Ensiklopedia ilmu yang menyatukan berbagai disiplin ilmu untuk dunia yang lebih baik.
 

Sejarah dan Perkembangan Hukum Laut Indonesia

Seperti yang kamu ketahui, wilayah suatu Negara meliputi udara, darat, dan lautan.

Laut merupakan batas suatu Negara dengan Negara lain yang ditentukan melalui ekstradisi Bilateral atau Multilateral yang berarti pula merupakan batas kekuasaan suatu Negara.

Dalam Perkembangan hukum Internasional, batas Wilayah suatu Negara sangat dipegang erat, pelanggaran terhadap suatu Negara dapat berakibat fatal bahkan dapat menimbulkan kerenggangan hubungan dan berlarut-larut dan bias menimbulkan peperangan.

Sejarah Perkembangan Hukum Laut Indonesia

Wilayah Perairan Indonesia telah di mulai peraturannya sejak zaman penjajahan Belanda melalui Teritorial Zee En Marietieme Kringen Ordonantie (TZMKO)/Ordonansi lingkungan Maritim yang dikeluarkan oleh pemerintah Hindia Belanda pada Tahun 1939 yang menyebutkan batas Laut Teritorial sejauh 3 Mil laut.

Setelah Indonesia memperoleh kemerdekaannya, sebagian dari ketentuan-ketenuan TZMKO yang berhubungan dengan wilayah perairan tidak sesuai dengan kepentingan dan keselamatan Negara Republik Indonesia yang terdiri dari pulau-pulau, oleh sebab itu Indonesia menyatakan bahwa lebar Laut Teritorial Indonesia adalah 12 Mil Laut.

Pada tanggal 13 Desember 1957 pemerintah mengeluarkan pernyataan yang di kenal dengan Deklarasi Djuanda yang berbunyi:

Bahwa segala Perairan disekitar diantara yang menghubungkan pulau-pulau yang termasuk daratan Negara Republik Indonesia dengan tidak memandang luar atau lebarnya adalah bagian yang wajar daripada wilayah daratan Negara Republik Indonesia dan demikian pula merupakan dari pada Perairan Nasional yang berada di bawah kedaulatan mutlak dari Negara Republik Indonesia

Kompas.com

Dikeluarkan deklarasi ini dengan maksud menyatukan wilayah daratan yang terpecah-pecah sehingga deklarasi akan menutup adanya lautan bebas yang berada diantara pulau-pulau wilayah daratan.
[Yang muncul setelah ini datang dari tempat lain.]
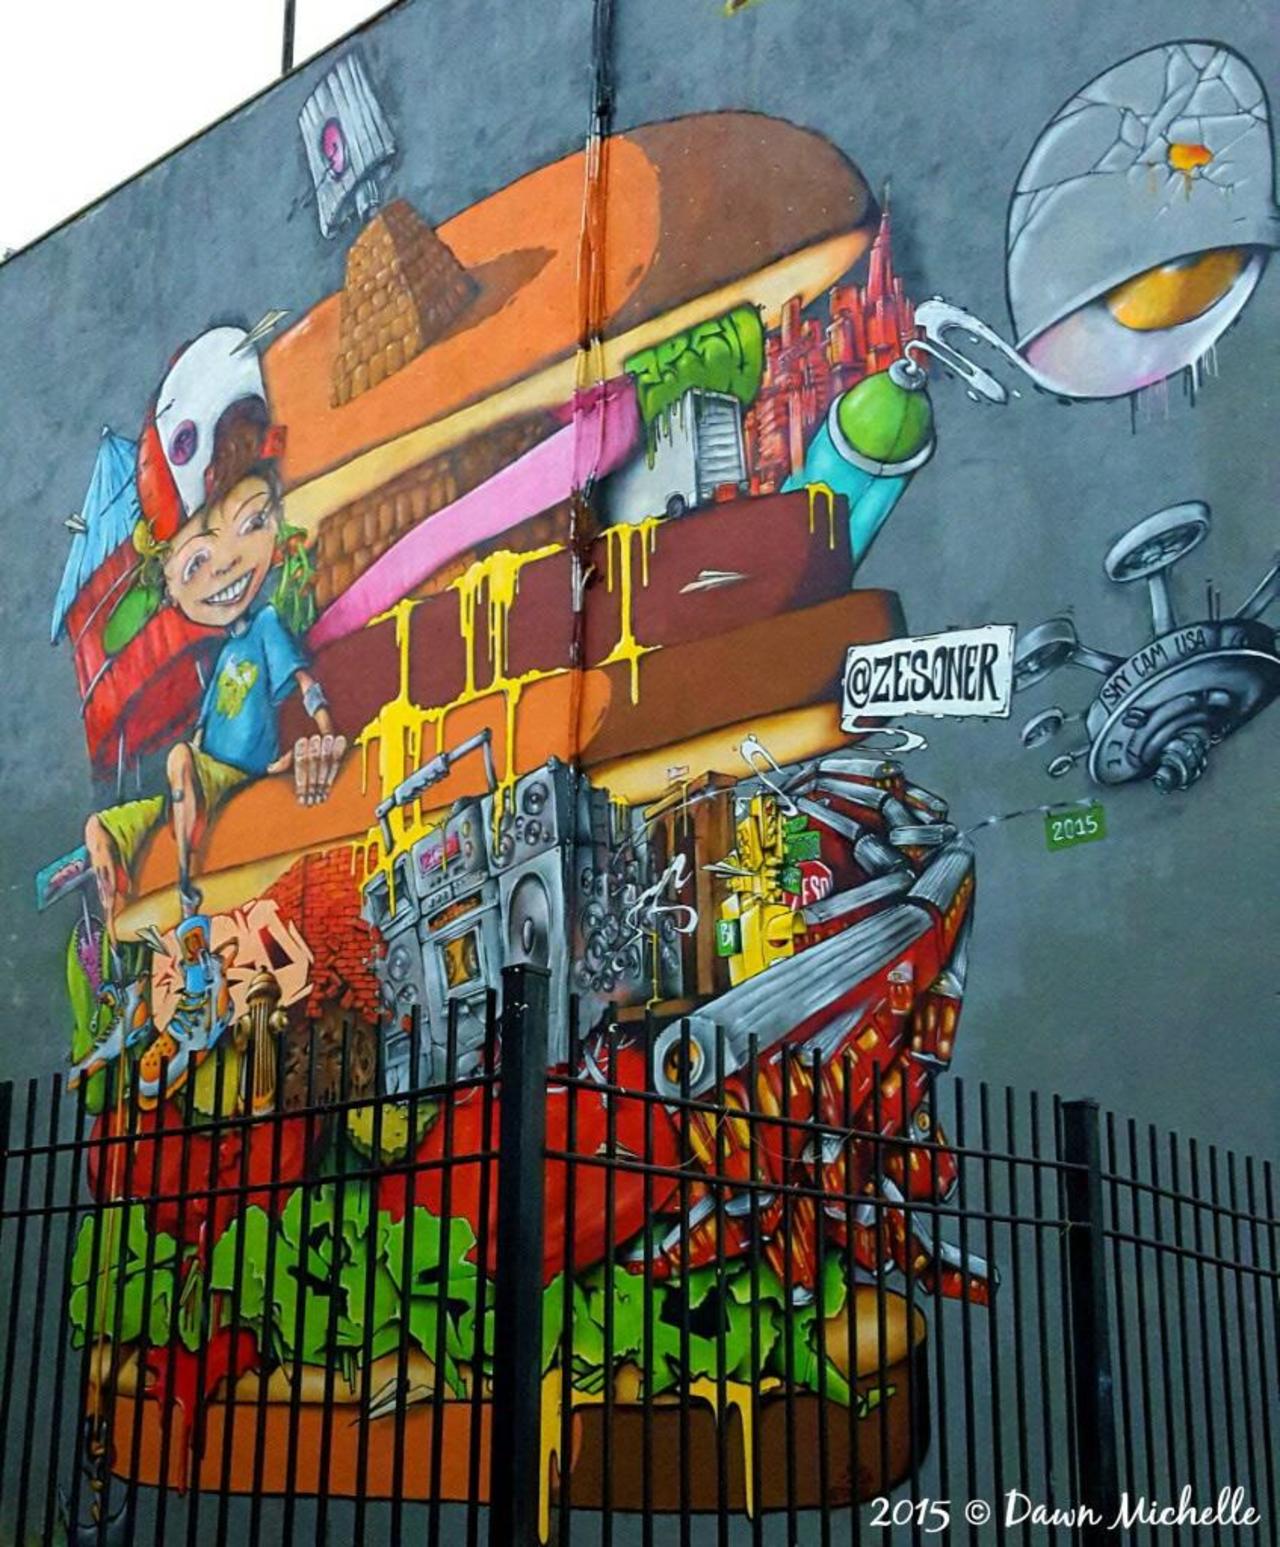 A @zesoner burger. #nyc #graffiti #streetart #art #graff @circumjacent @circumjacent @MadeInManchestr @GraffitiFeed https://t.co/WTeYoSclPx

Pertimbangan lain yang mendorong pemerintah Republik Indonesia mengeluarkan pernyataan mengenai wilayah perairan Indonesia adalah:

  • Bahwa bentuk geografis Republik Indonesia sebagai Negara Kepulauan yang terdiri dari beribu pulau mempunyai sifat dan corak tersendiri yang perlu peraturan sendiri;
  • Bahwa penetapan batas-batas laut Teritorial yang diwarisi dari pemerintah kolinial Belanda yang bermaktub TZMKO 1939 tidak sesuai lagi dengan kepentingan keselamatan Negara Republik Indonesia;
  • Bahwa setiap Negara yang berdaulat berhak dan berkewajiban untuk mengambil tindakan-tindakan yang dipandang perlu untuk melindungi kebutuhan dan keselamatan Negara Republik Indonesia.
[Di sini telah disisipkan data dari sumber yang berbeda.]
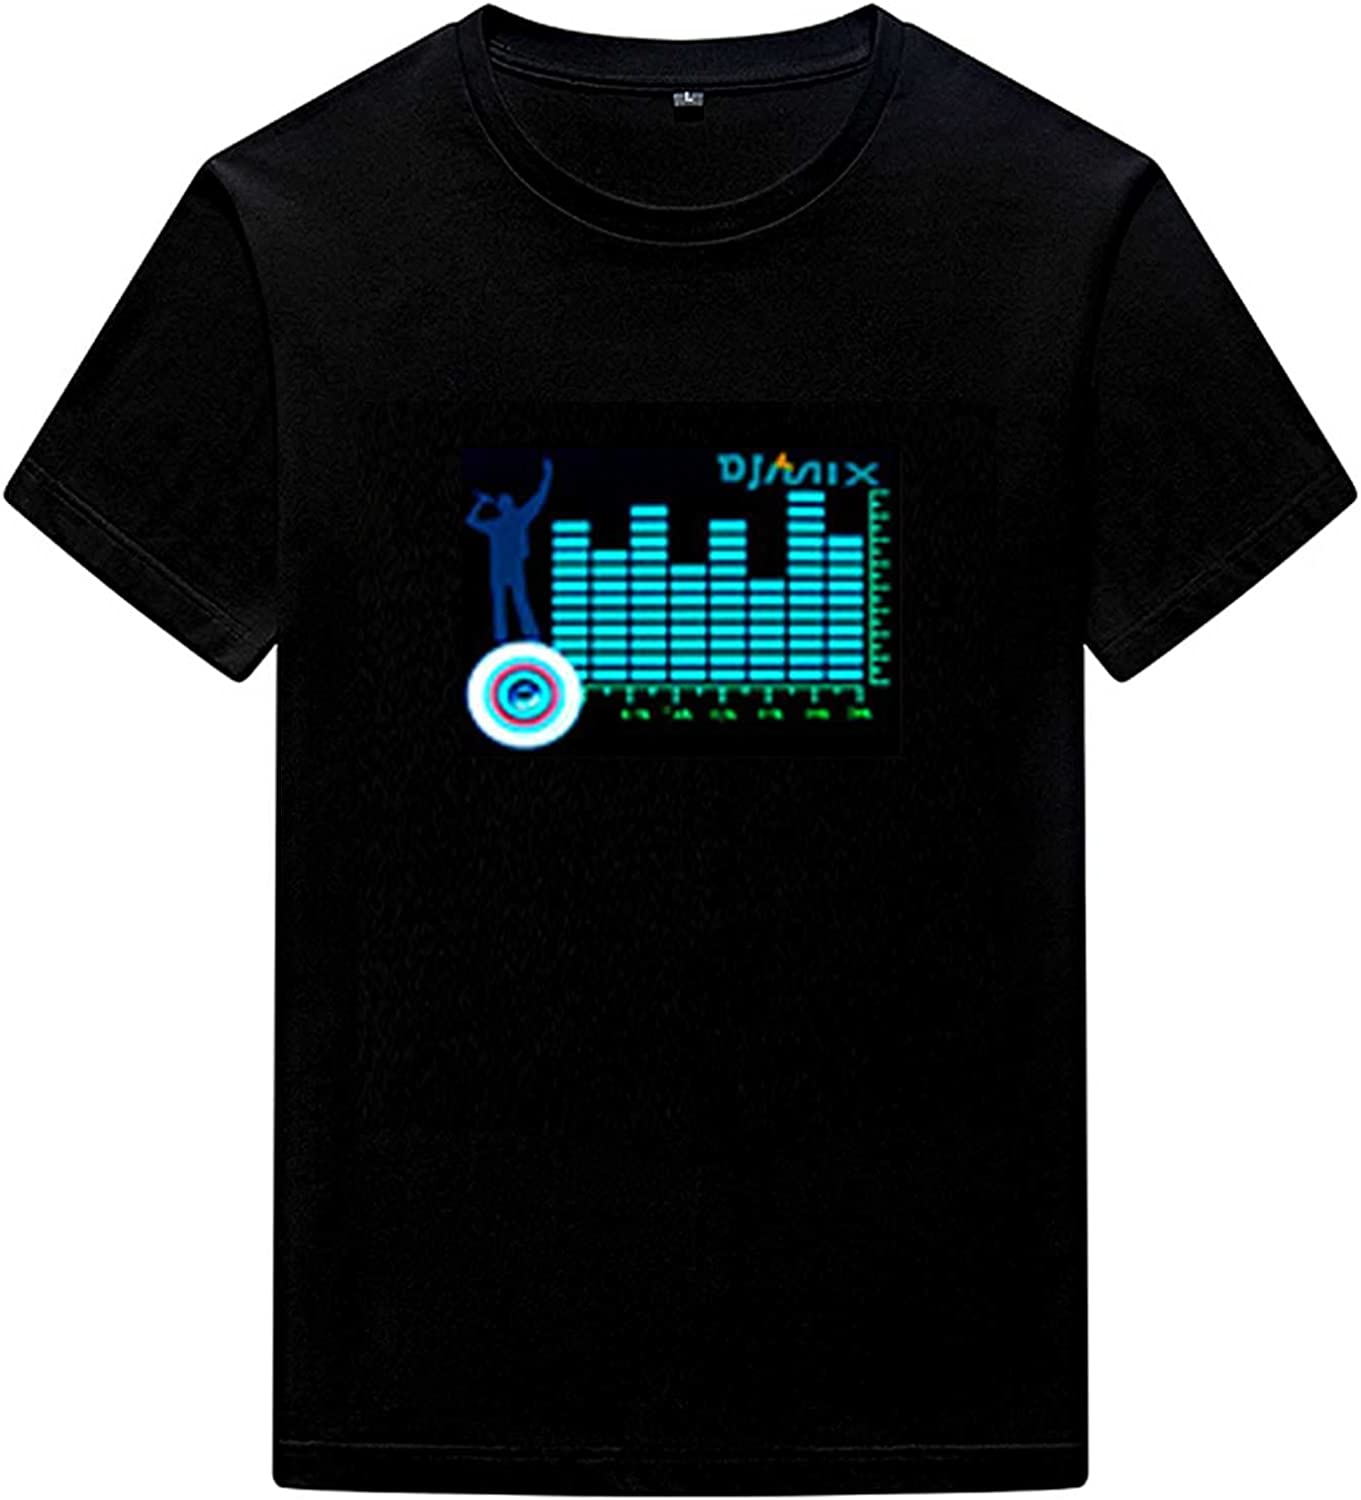 LED Sound Activated T-Shirt Equalizer Novelty Clothing

Dalam perkembangannya pernyataan tersebut dituangkan dalam bentuk peraturan pemerintah pengganti undang-undang (perpu) supaya mempunyai kekuatan hukum yang pasti atau mempunyai kedudukan yang sejajar dengan undang-undang, kemudian pada Tahun 1960 ditingkatkan dalam bentuk UU Nomor 4/Prp/1960 tentang perairan Indonesia yang secara tegas menyatakan Batas Wilayah Laut Indonesia selebar 12 Mil yang diukur dari pulau pulau terluar wilayah Indonesia.

Perpu tersebut didasarkan pada ketentuan-ketentuan hukum Internasional sebagaimana ditetapkan dalam konvensi-konvensi Jenewa tentang Hukum Laut Tahun 1958.
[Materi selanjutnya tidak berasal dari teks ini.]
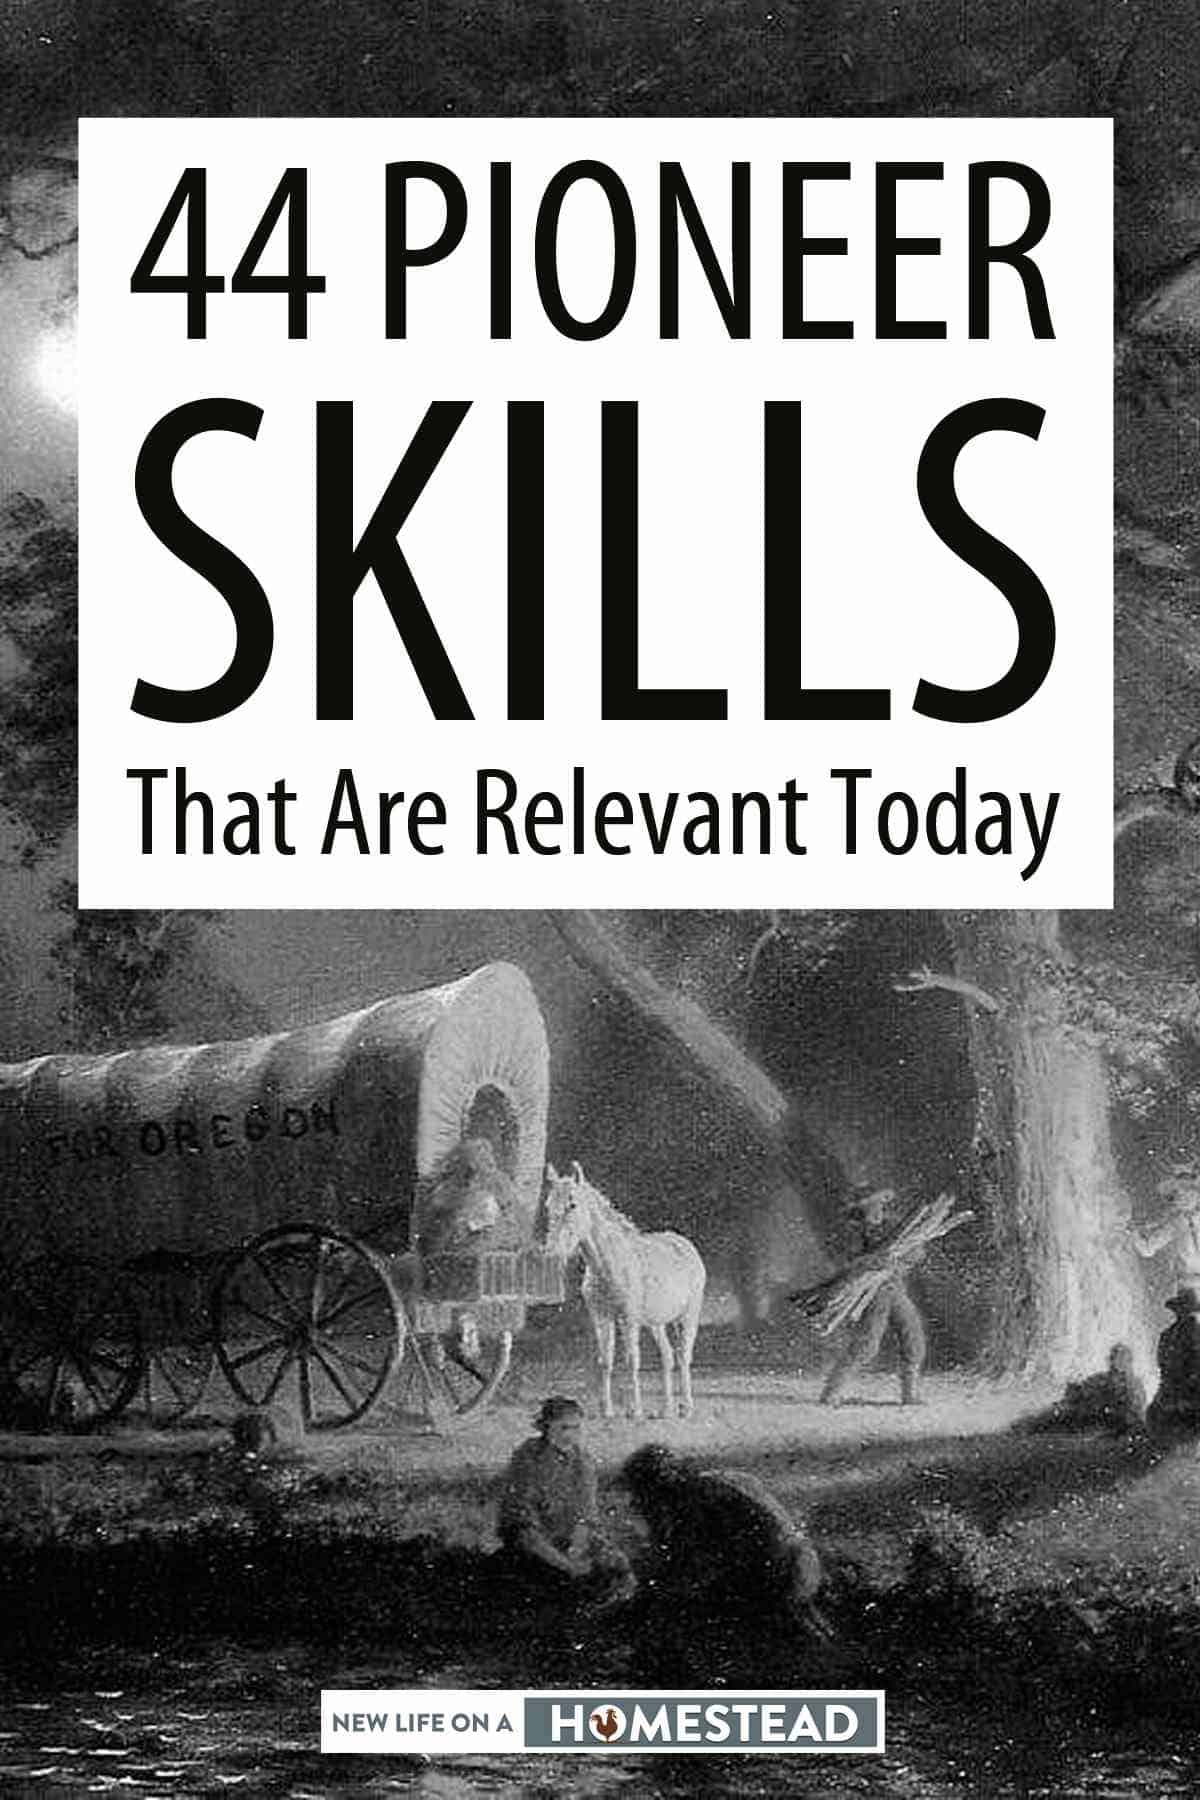 pioneer skills Pinterest image

Upaya yang dilakukan untuk membentuk ketentuan yang dapat diterapkan secara Internasional dalam penetuan batas wilayah laut dari masing-masing Negara pantai antara lain:

  • Pada Tahun 1936 telah diadakan konferensi Kodifikasi di Den Hag
  • Pada Tahun 1939 dikeluarkan Ordonansi yang mengatur tentang batas laut Teritorial sejauh 3 Mil Laut
  • Pada Tahun 1958 diadakan konferensi hukum laut I di Jenewa, belum mampu menghasilkan kesepakatan Internasional dalam jarak 12 Mil laut
  • Pada Tahun 1960 diadakan Konferensi hukum laut II di Janewa, belum mampu enghasilkan kesepakatan
  • Pada Tahun 1974 diadakan konferensi hukum laut di Caracas Venezuela yang menentukan jarak wilayah laut Teritorial sejauh 12 Mil laut
  • Pada Tahun 1982 diadakan Konferensi laut III di Montego Bay, Jamaica telah ditandatangani oleh 119 Negara anggota PBB yang menyepakati suatu perjanjian baru yang mengatur tentang berbagai kegiatan dalam bentuk suatu perjanjian Internasional yang komprehensif yang dikenal dengan United Nations Convention on The Law Of The Sea (UNCLOS).

Pada tanggal 31 Desember 1985 Indonesia telah meratifikasi UNCLOS 1982 melalui UU Nomor 17 Tahun 1985. Sebagaimana pelaksanaan lebih lanjut dari ratifikasi ini pada Tahun 1996 pemerintah mencabut Perpu Nomor 4 Tahun 1960 dan menggantinya dengan UU Nomor 6 Tahun 1996 tentang Perairan Indonesia yang telah disesuaikan dengan UNCLOS 1982.

UU Nomor 6 Tahun 1996 ini kemudian dilengkapai dengan PP Nomor 61 Tahun 1998 tentang Daftar Koordinat Geografis titik-titik pangkal dari garis pangkal lurus kepulauan dilaut Natuna.

Perjuangan Indonesia pada Konferensi PBB tentang Hukum Laut III

Untuk dapat menyatakan wilayah Indonesia yang secara geografis itu adalah terdiri dari laut-laut, pulau-pulau dan gugusan pulau pulau sebagai satu kesatuan wilayah yang utuh harus memenuhi minimal dua unsur keadaan yaitu:

  1. Adanya dasar hukum atau jaminan hukum yang menyatakan bahwa kondisi alamiah wilayah Indonesia yang demikian itu adalah sebagai satu kesatuan wilayah
  2. Adanya usaha dan kegiatan yang nyata dalam pemanfaatan dan pengendalian wilayah tersebut sebagai satu kesatuan wilayah Negara.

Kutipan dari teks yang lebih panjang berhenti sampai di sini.